Дорогая Ортанс!
Благодарю тебя, благодарю от всего сердца, что ты поняла те причины, которыми я руководствовался, покидая Париж. О, если моя будущая жена, о которой ты так часто и серьезно размышляешь вслух, окажется похожа на тебя хотя бы одной этой способностью к сочувствию, как я буду любить и уважать ее! Притом, я уверен, что иначе и не станется: разве смогу я полюбить девушку, несходную с моей драгоценной сестричкой Ортанс? Никогда!
Но я обещал тебе новости и это обещание выполнить не в силах. Увы, пока что мой труд похож на ловлю рыбы в воде, где рыбы просто нет. И какой бы прочной и частой ни была сеть, как бы ни усердствовал рыбак, невод раз за разом приходит пустым. Все дни, прошедшие со времени моего последнего письма, я посвятил исследованию печатных изданий, собирающихся в архиве Кана со всего региона. Начальник архива был искренне удивлен, зачем мне это нужно, но разрешил брать газеты в гостиницу, поскольку помещения архива здесь не слишком приспособлены для работы. Сказать по правде, архив находится в плачевном состоянии, так что в первый день работы я всерьез опасался, как бы отсыревшая штукатурка не обвалилась прямо мне на голову. А на ней, несмотря на наши шутки, все же нет рыцарского шлема. Так вот, газеты и даже полицейские ведомости мне разрешили брать в гостиницу. Но в них нет решительно ничего, способного оправдать мои надежды. Неделю назад мне показалось, что я напал на след. В одной из воскресных газет был некролог сразу двух девушек. Ах, Ортанс, мне и в самом деле показалось, что это оно – то, что я ищу, ожидая и заранее содрогаясь. Я оставил за собой номер в отеле и уже через два дня был в Шербурге, но, оказавшись на месте, понял, что ошибся. К счастью, разумеется. Эти девушки – спаси господь их души – были сестрами, умершими от какой-то заразной болезни. Никакого подозрения, даже возможности его.

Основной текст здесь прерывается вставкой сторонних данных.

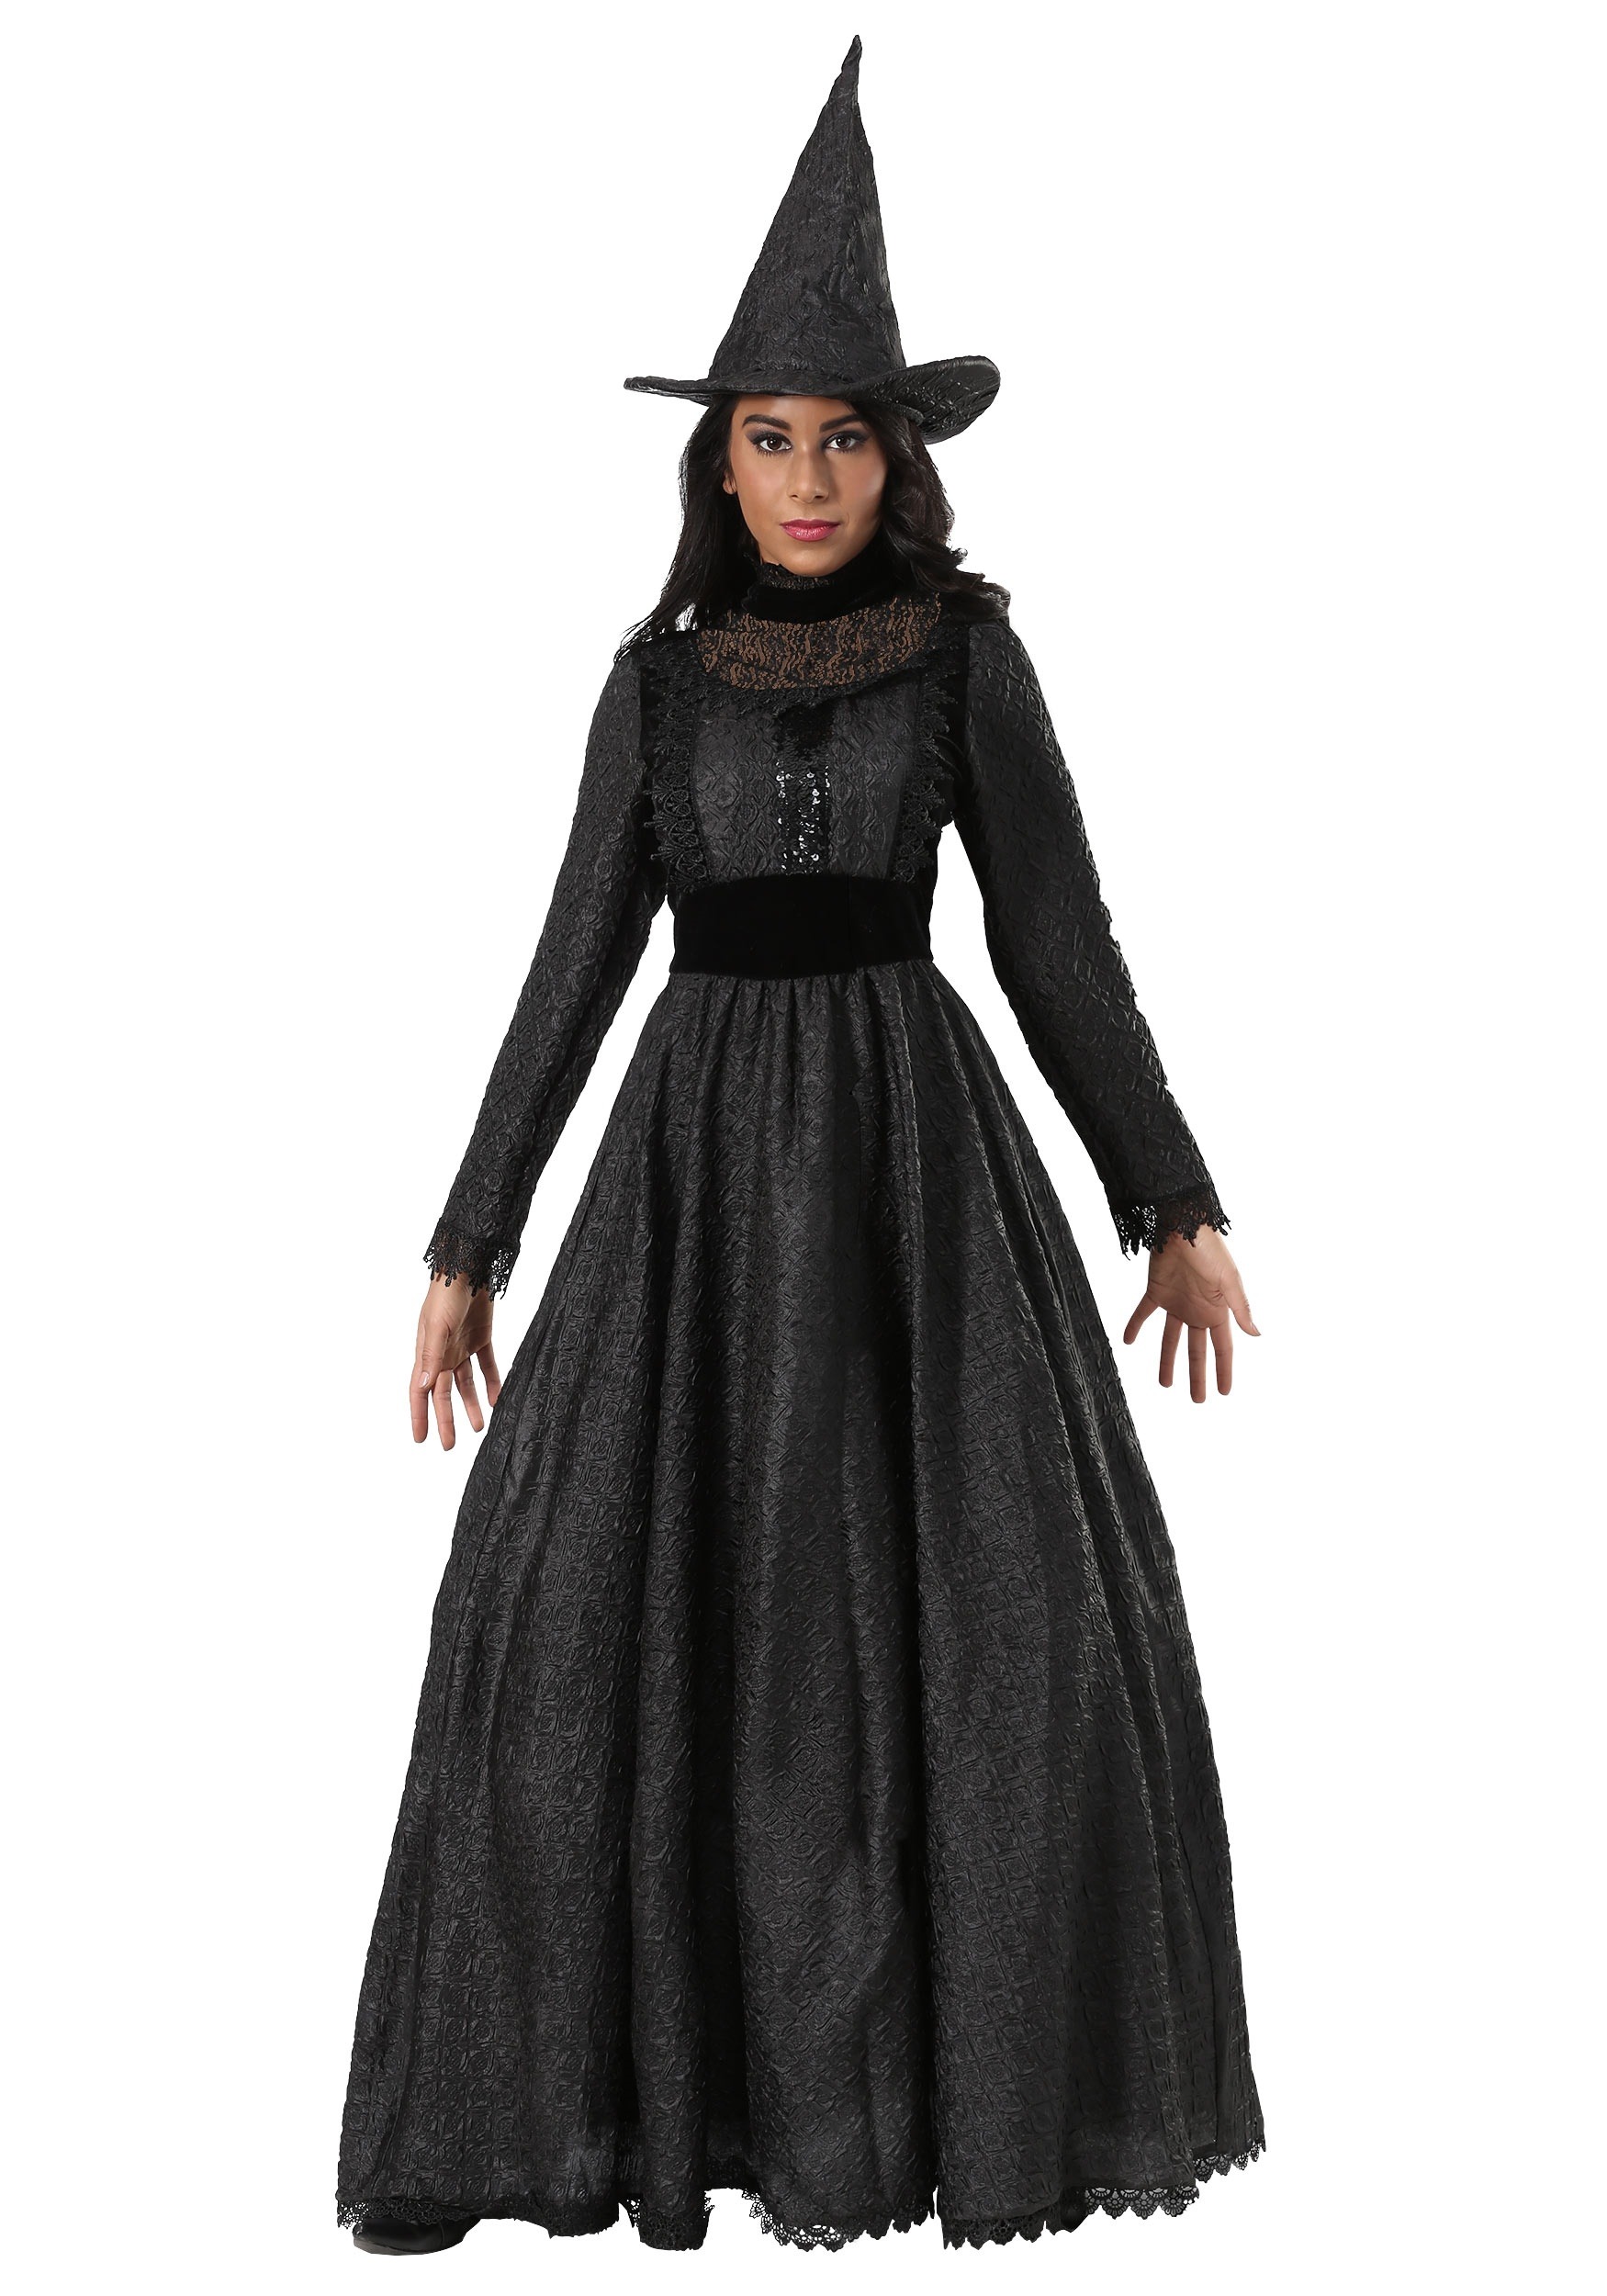 Image of Deluxe Plus Size Dark Witch Costume for Women ID FUN6695PL-1X

И теперь мне все больше кажется, что мой труд не просто бесплоден – он глуп. Нет, Ортанс, я по-прежнему уверен, что прав: чудовище есть, и оно продолжает убивать. Но где? Возможно, оно стало хитрее и лучше прячет следы. Кто знает, может, как раз сейчас какие-нибудь несчастные родители ищут дочь, даже не подозревая, что больше не увидят ее никогда. Или – страшно подумать об этом – ведь есть девушки, которых никто не хватится. Ортанс, я уверен, ты с твоей доброй душой поймешь меня лучше, чем кто-либо. Каждый вечер, ложась спать, я с ужасом думаю, что мое промедление могло стоить жизни еще одной бедной жертве. И ничего не могу сделать! Если бы Господь в милосердии своем дал мне хоть на миг дар всеведения, я бы не потратил его ни что другое, лишь на то, чтоб остановить этот длящийся годы кошмар. Один миг – и я бы с радостью согласился заплатить за него жизнью. Ортанс, ты знаешь меня и знаешь, что это не просто слова. Прости, что я жалуюсь тебе, но кто еще умеет утешить меня теплым словом, дружеским приветом, одним лишь знанием, что где-то есть родная душа? Только ты, моя милая сестричка. Прости за грустное и совсем не рыцарское письмо,
Твой кузен Андре
Дорогой Жан,
Эти три дня со времени моей ночной прогулки прошли, словно в забытьи. По правде говоря, я не слишком помню, что делал и где был. Кажется, не покидал дома, но вовсе не уверен в этом. Помню ветер, воющий в трубе, пока я зачем-то пытался разжечь камин в библиотеке, но точно так же помню и ветер, несущий черные листья по белой от лунного света дороге. И то, что я бродил по холмам наших старых садов, глядя на ночное небо в просветы между голыми ветками, могло быть или не быть сном совершенно с равной вероятностью. В пользу моего реального отсутствия говорит, что сегодня утром, проснувшись в собственной постели и спустившись в столовую, я нашел на столе пилюли Мартена. Значит, он приходил, пока меня не было, и оставил их со своей обычной деликатностью. Это пришлось очень кстати, потому что боль вернулась и изрядно досаждает мне. Прежде чем выпить лекарство, я заставил себя развести огонь хотя бы в спальне и сварил остатки кофе, влив туда несколько ложек коньяку. Хуже, чем кальвадос – и на вкус, и по действию, но я сразу согрелся, и даже голову перестали стягивать тугие обручи боли.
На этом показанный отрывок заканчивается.